Ainsi, les banques centrales mènent des politiques pro-cycliques : elles amplifient le ralentissement plutôt qu’elles ne le combattent.

En fait, les banques centrales mènent donc des politiques pro-cycliques : elles amplifient le ralentissement plutôt qu’elles ne le combattent. Même si l’inflation réduit déjà le pouvoir d’achat des ménages et les marges bénéficiaires des entreprises, La banque centrale approfondit le traitement d’austérité.

En réalité, Les banques centrales n’ont plus beaucoup de choix. Semble maintenant faire basculer l’économie dans la récession La seule option viable pour freiner l’inflationCe resserrement monétaire affecte les ménages et les entreprises, mais aussi les pays car il accroît leur endettement. Les pays les plus endettés l’ont profondément ressenti. En conséquence, la probabilité d’un “événement de crédit” (c’est-à-dire le défaut d’une grande entreprise ou d’un pays) augmente considérablement.

La gueule de bois

Sommes-nous destinés à venir jusqu’ici ?les monétaristes vous diront L’inflation est toujours le produit d’un excès de liquidités et d’une politique monétaire trop accommodanteIl est indéniable que les banques centrales ont maintenu des taux d’intérêt exceptionnellement bas pendant des années et ont fait tourner les presses à imprimer comme jamais auparavant. Il y a de bonnes raisons à cela : le risque de déflation, et le risque de pandémie de coronavirus.



Lorsque la fête s’intensifie, les banques centrales ont trop attendu pour sortir le « blackjack ».
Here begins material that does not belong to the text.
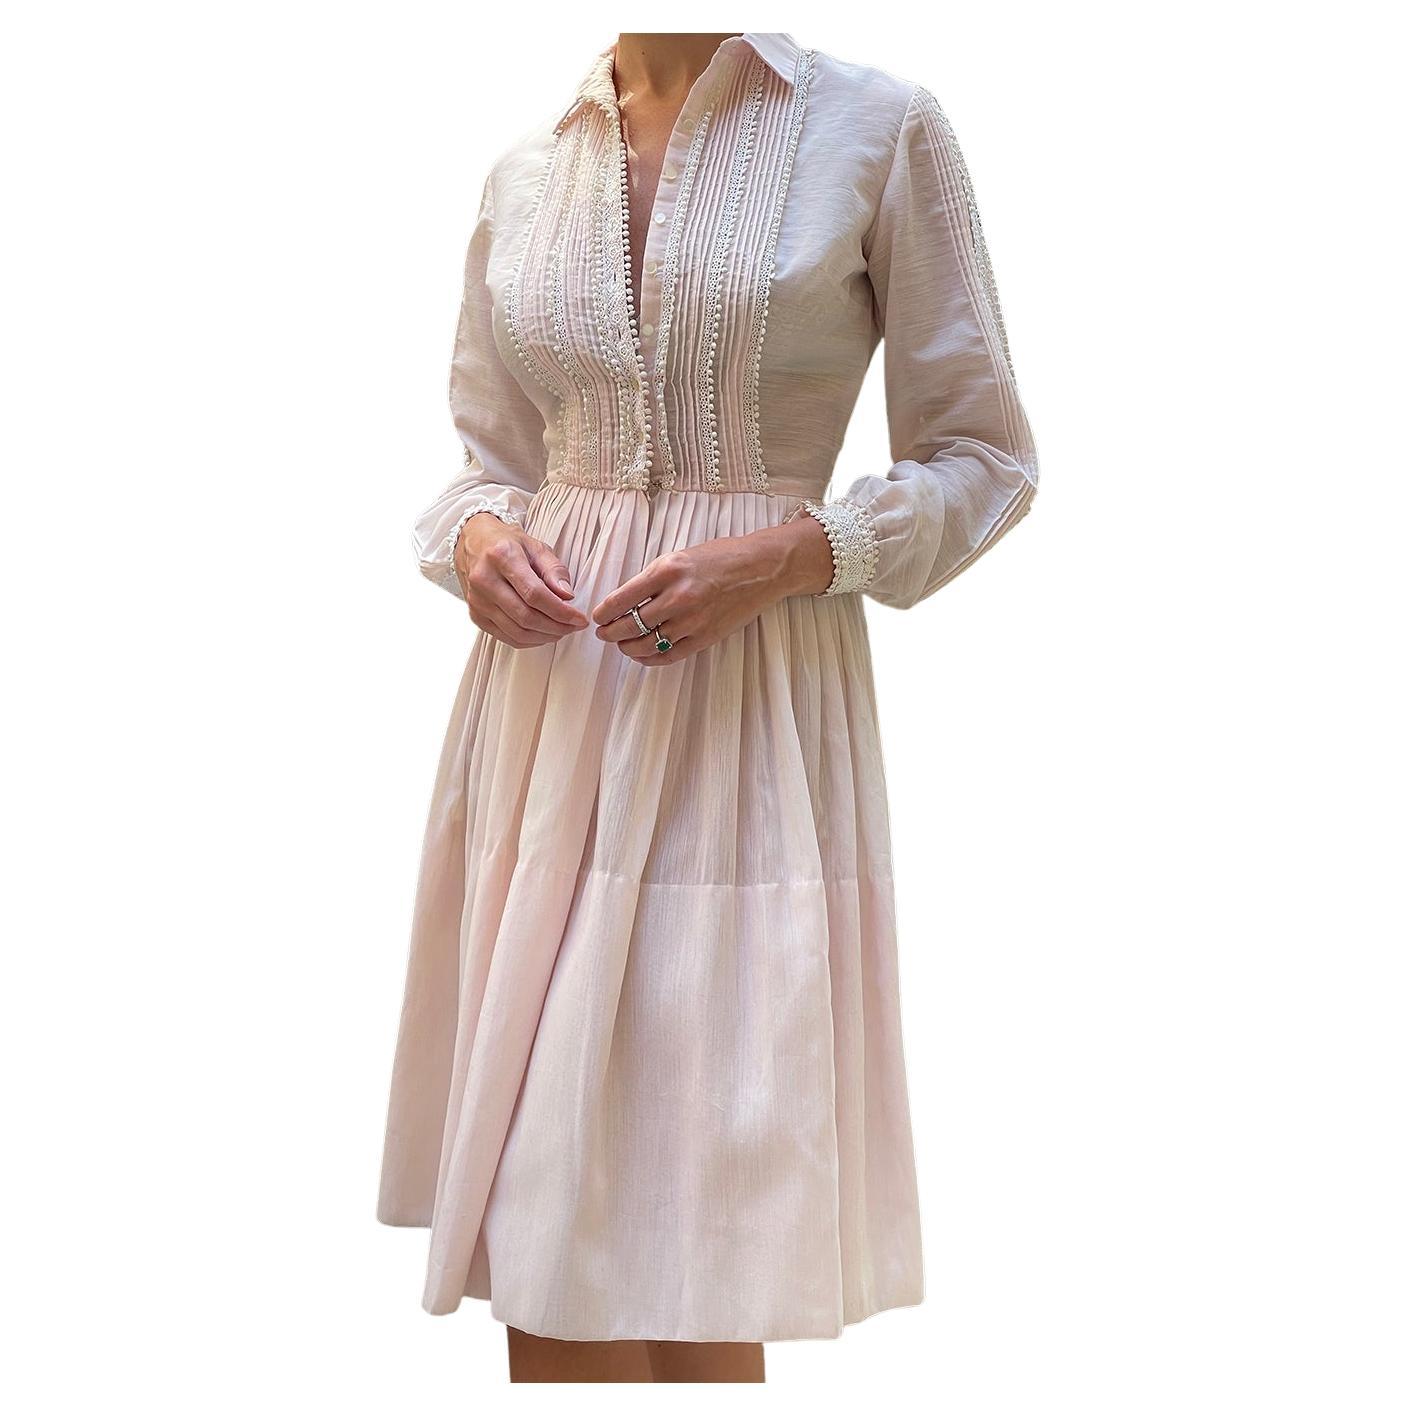  Vintage 1950s Shirtwaist Dress by L'AIGLON For Sale

nous réalisons maintenant Dosage obligatoire des autoritésAlors que la fête s’échauffe, les banques centrales ont trop attendu pour sortir le « blackjack ». Par ailleurs, Ils ont mal évalué l’inflation, persuadé qu’il est éphémère, perdant ainsi un temps précieux avant de réagir. Bien sûr, ils ne pouvaient pas prévoir la guerre en Ukraine, provoquant une montée en flèche des prix des matières premières.Cependant, on ne peut s’empêcher de penser que Le banquier central est devenu un “bon partenaire” du ministre des Finances Racheter des obligations de pays très endettés à des taux d’intérêt exceptionnellement bas. Leurs espoirs que le gouvernement utiliserait ces taux d’intérêt plancher pour réduire et restructurer la dette se sont avérés être un mirage. Certes, dans un premier temps, une inflation légèrement plus élevée a contribué à atténuer la pression sur la pile de la dette. mais, Une fois le mauvais génie de l’inflation sorti de la bouteille, nous pourrions voir les prix baisser encore plus.

Nous a présenté ce supplément aujourd’huiAprès avoir été trop accommodantes pendant longtemps, les banques centrales ont été contraintes de resserrer substantiellement leur politique monétaire pendant une période prolongée. Malheureusement, cette politique est à l’opposé de ce que suggèrent les manuels d’économie. Cette situation amplifie les risques pour l’économie. Les investisseurs doivent en être conscients.

traverser Franck FrankenEdmond de Rothschild (Europe) Directeur des Investissements.